Dans l’ensemble, l’ARC n’a pas minimisé le temps, les efforts et les coûts que les contribuables ont dû engager pour se conformer aux nouvelles exigences de production, selon l’examen. Le rapport recommande que l’ARC détermine, d’ici le 30 juin 2025, s’il y a lieu d’introduire un formulaire unique pour les exigences de production des simples fiducies.
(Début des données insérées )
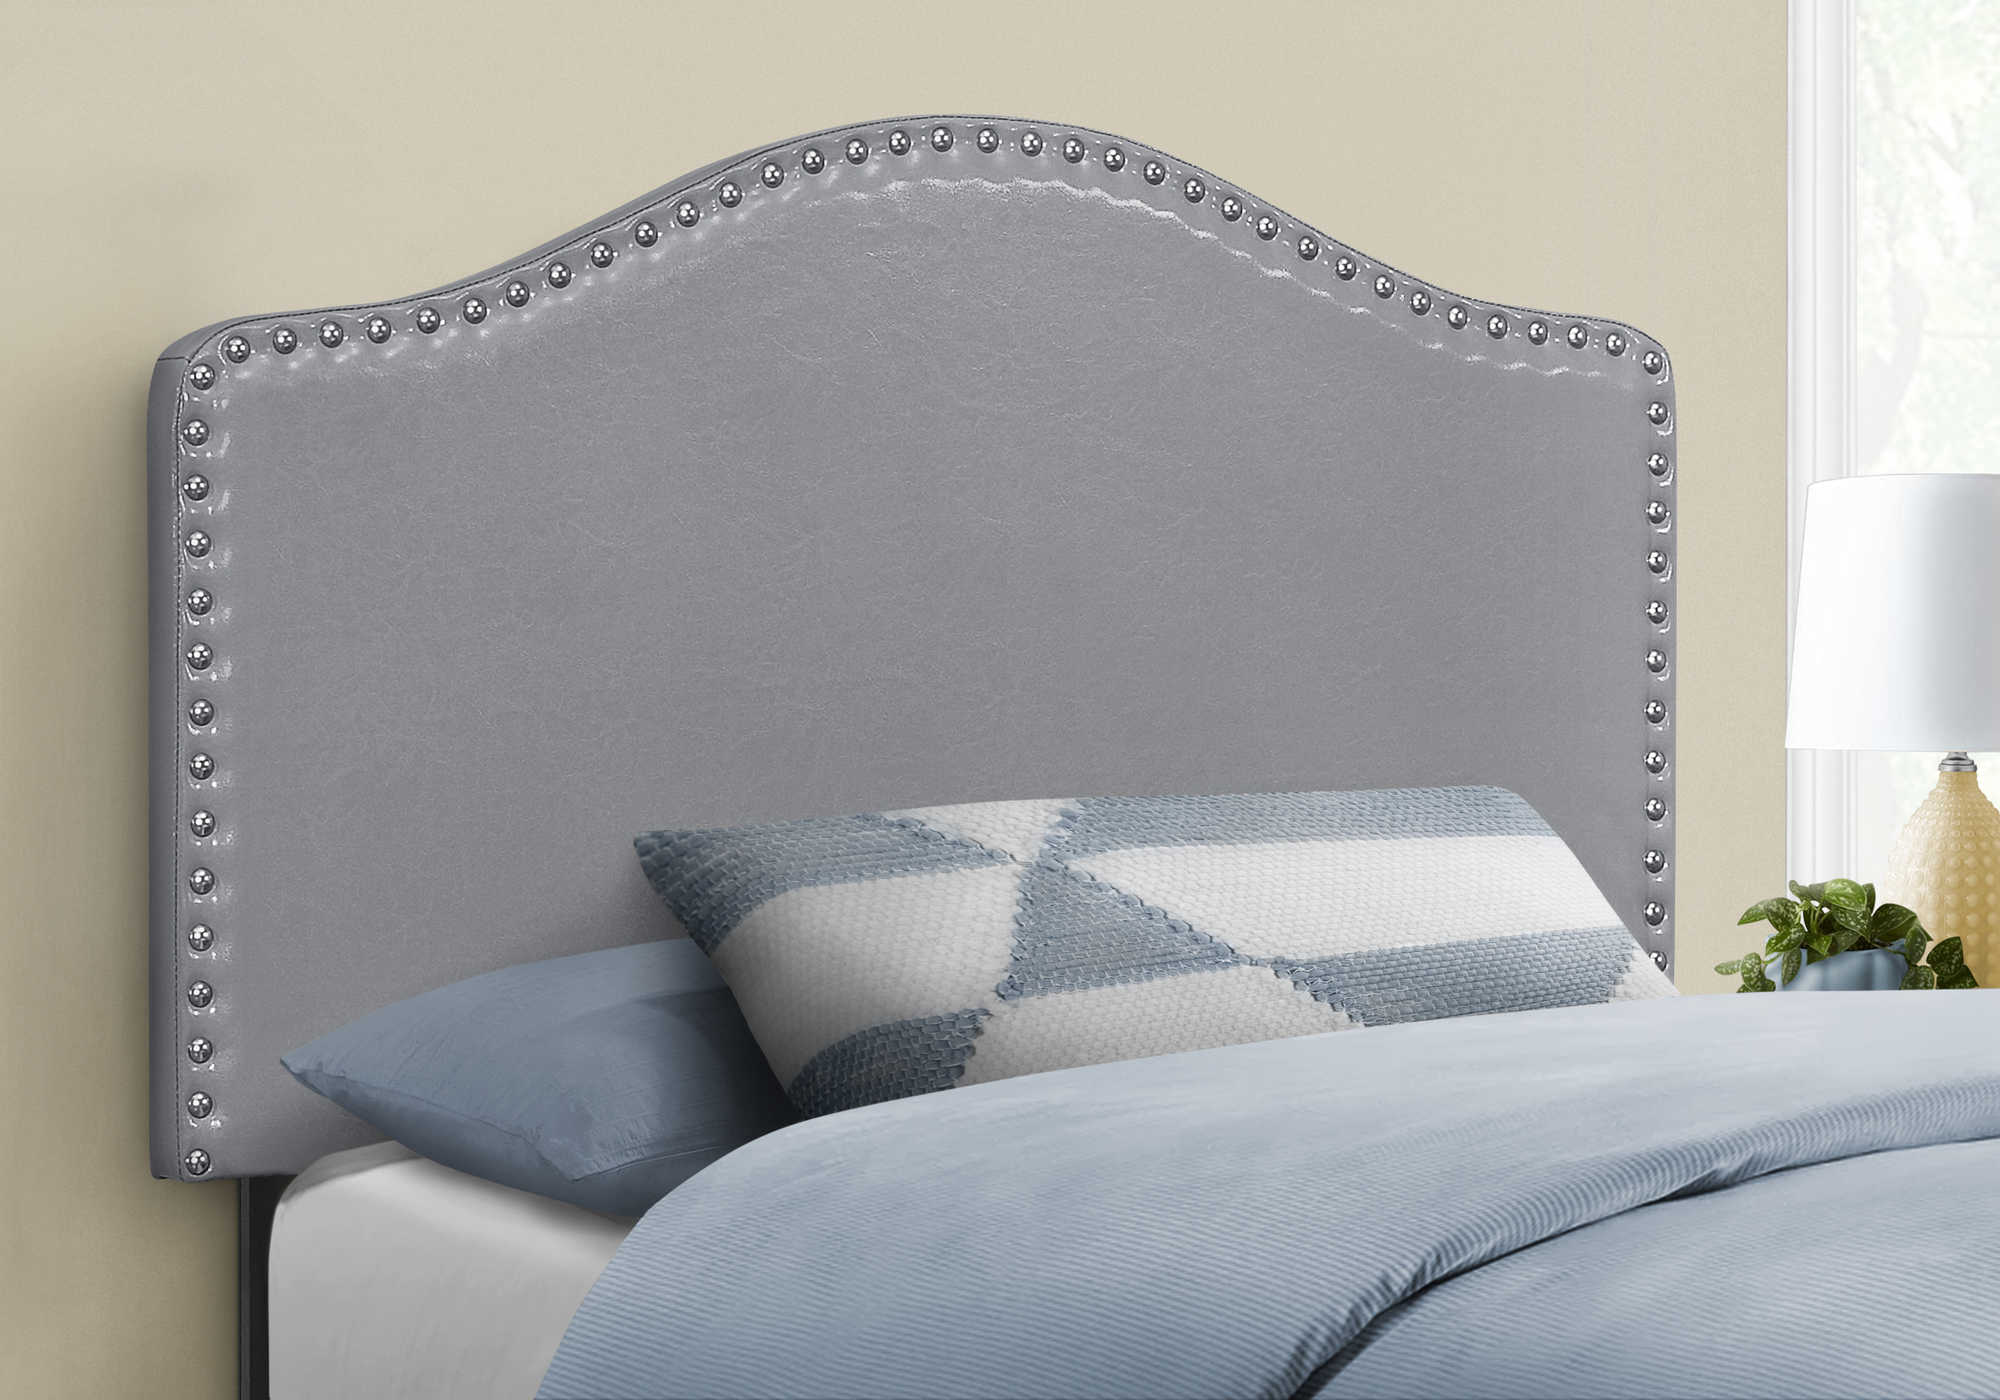 BED - TWIN SIZE / GREY LEATHER-LOOK HEADBOARD ONLY

Le formulaire T3 de cinq pages et l’annexe 15 de deux pages pourraient décourager de nombreuses personnes, prévient le rapport.
Il note également que toutes les informations demandées sur le formulaire T3 peuvent ne pas être pertinentes pour une simple fiducie particulière. « Il serait peut-être plus utile si l’Agence avait des déclarations T3 uniques pour les simples fiducies qui ne comprendraient que les champs pertinents », lit-on dans le rapport.
Le rapport recommande également que l’agence procède à un examen interne, d’ici le 31 mars 2026, de la manière dont elle collabore avec les parties prenantes lorsque des modifications législatives sont adoptées. Il suggère également qu’elle évalue, d’ici cette même date, la façon dont elle travaille avec le ministère des Finances lorsqu’une proposition législative risque d’augmenter les coûts de conformité pour les contribuables.
« L’Agence devrait consulter les intervenants dès le départ, même avant l’entrée en vigueur de la loi, afin de s’assurer qu’elle soit au courant de toute rétroaction et de toute préoccupation afin qu’elle puisse élaborer un plan d’action pour y répondre en temps opportun », suggère le rapport. L’ARC n’a rencontré les parties prenantes que six mois après l’entrée en vigueur des nouvelles règles fiduciaires.
Le rapport souligne que les interactions de l’ARC avec le ministère des Finances devraient être examinées à la lumière des coûts de conformité et de la clarté de la législation.
Il recommande également à l’ARC de revoir, d’ici le 31 mars 2026, la façon dont elle communique les mises à jour aux contribuables par le biais de conseils fiscaux et de communiqués de presse.
Enfin, il suggère que l’ARC crée un « guide adaptable », d’ici le 31 mars 2027, pour l’aider à rationaliser la façon dont elle administre les modifications de la législation fiscale. Ce guide permettrait de s’assurer que les modifications apportées aux informations sur les impôts et les prestations sont diffusées en temps voulu et comprises par le contribuable moyen.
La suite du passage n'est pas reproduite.